Specifically, a first device and a second device which are co-located on the same platform collect images for the same scene, in one case, the first device can rotate relative to the platform when the images are collected, the second device is fixed relative to the platform when the images are collected, the first image is a partial image collected in the rotation process of the first device, and the second image is a panoramic image collected by the second device, and according to the embodiment of the invention, the partial image collected by the first device in the rotation process can be mapped into the panoramic image, so that the finally obtained panoramic image is clearer; in another case, the focal length of the first device is variable when the image is acquired, the focal length of the second device is fixed when the image is acquired, the first image is an image acquired in the focal length change process of the first device, and the second image is an image acquired by the second device.
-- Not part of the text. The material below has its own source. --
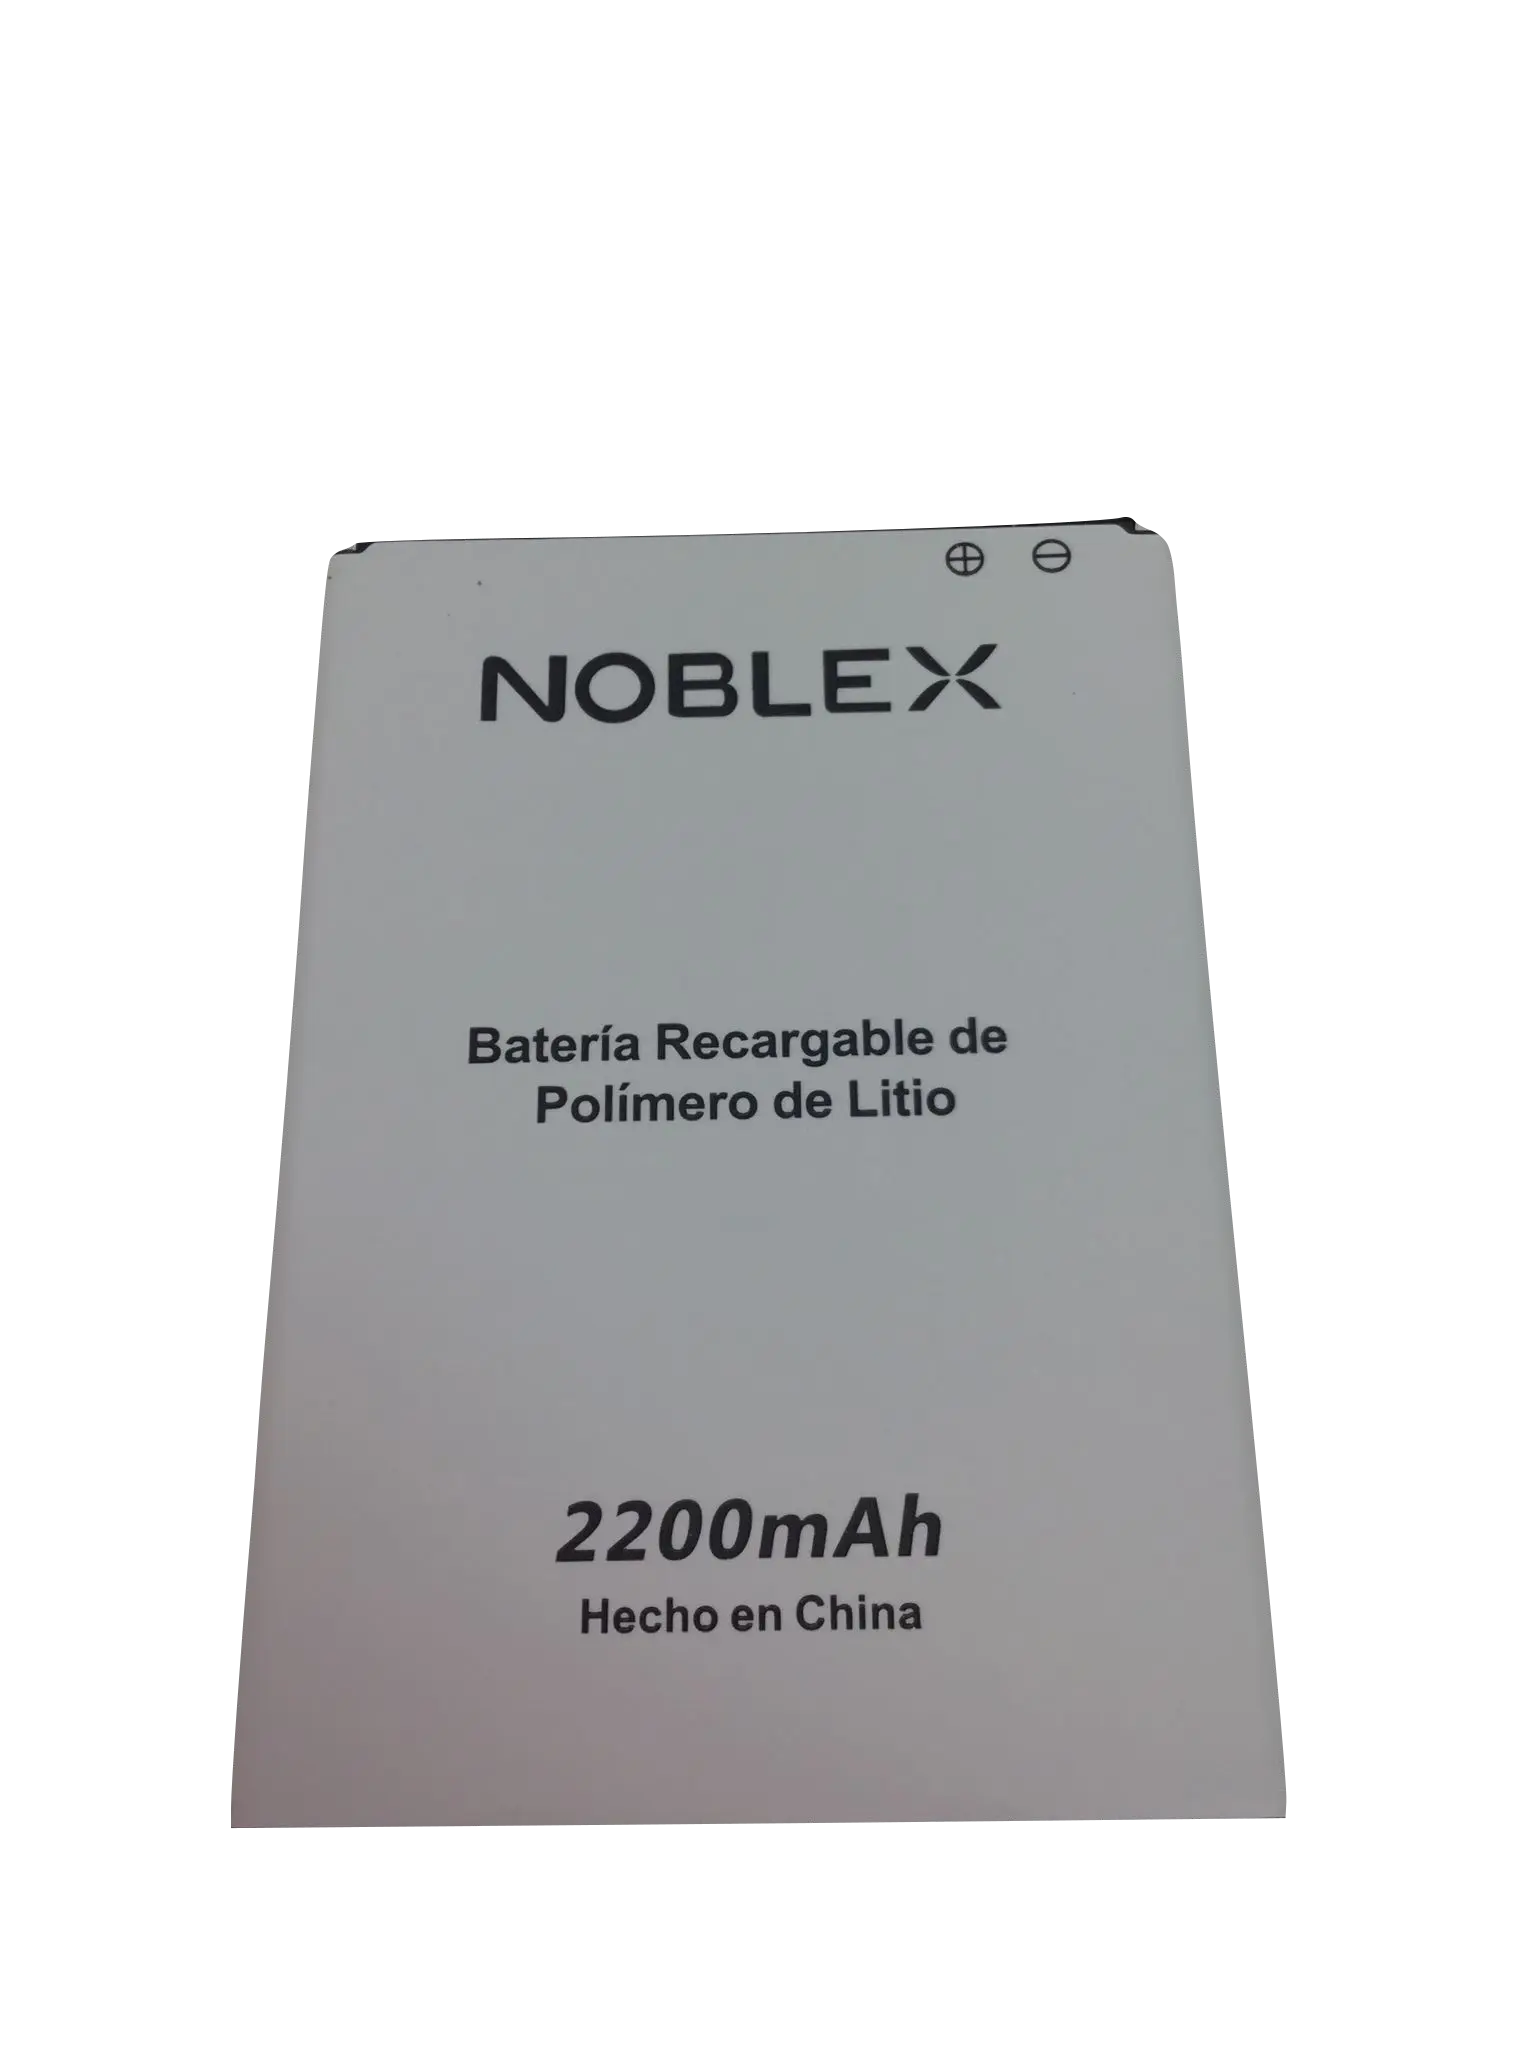 baterias de celular noblex mar del plata - Cómo me comunico con Noblex

Alternatively, the first device may be a ball machine, for example, and the second device may be a bolt machine, for example.

In one embodiment, the first neural network includes at least a plurality of cascaded convolutional layers;

And respectively extracting the features of the first image and the second image through cascaded convolution layers, wherein each convolution layer outputs a corresponding feature map, and the features in the feature maps output by the later convolution layers are more refined until each pixel feature can determine the corresponding M channel feature.

In one embodiment, each pixel feature in the M-channel feature map includes M channel features, and each channel feature corresponds to a class, and each class to which each pixel feature belongs is a class corresponding to one channel feature that meets a specified requirement in the pixel feature.

Referring to fig. 3, F1 is a first set of pixel features, each pixel feature including M channel features; f2 is a second set of pixel features, each pixel feature comprising M channel features. Each channel feature corresponds to a category in the M channel features, and may also characterize a confidence level that the pixel feature where the channel feature is located belongs to the category corresponding to the channel feature.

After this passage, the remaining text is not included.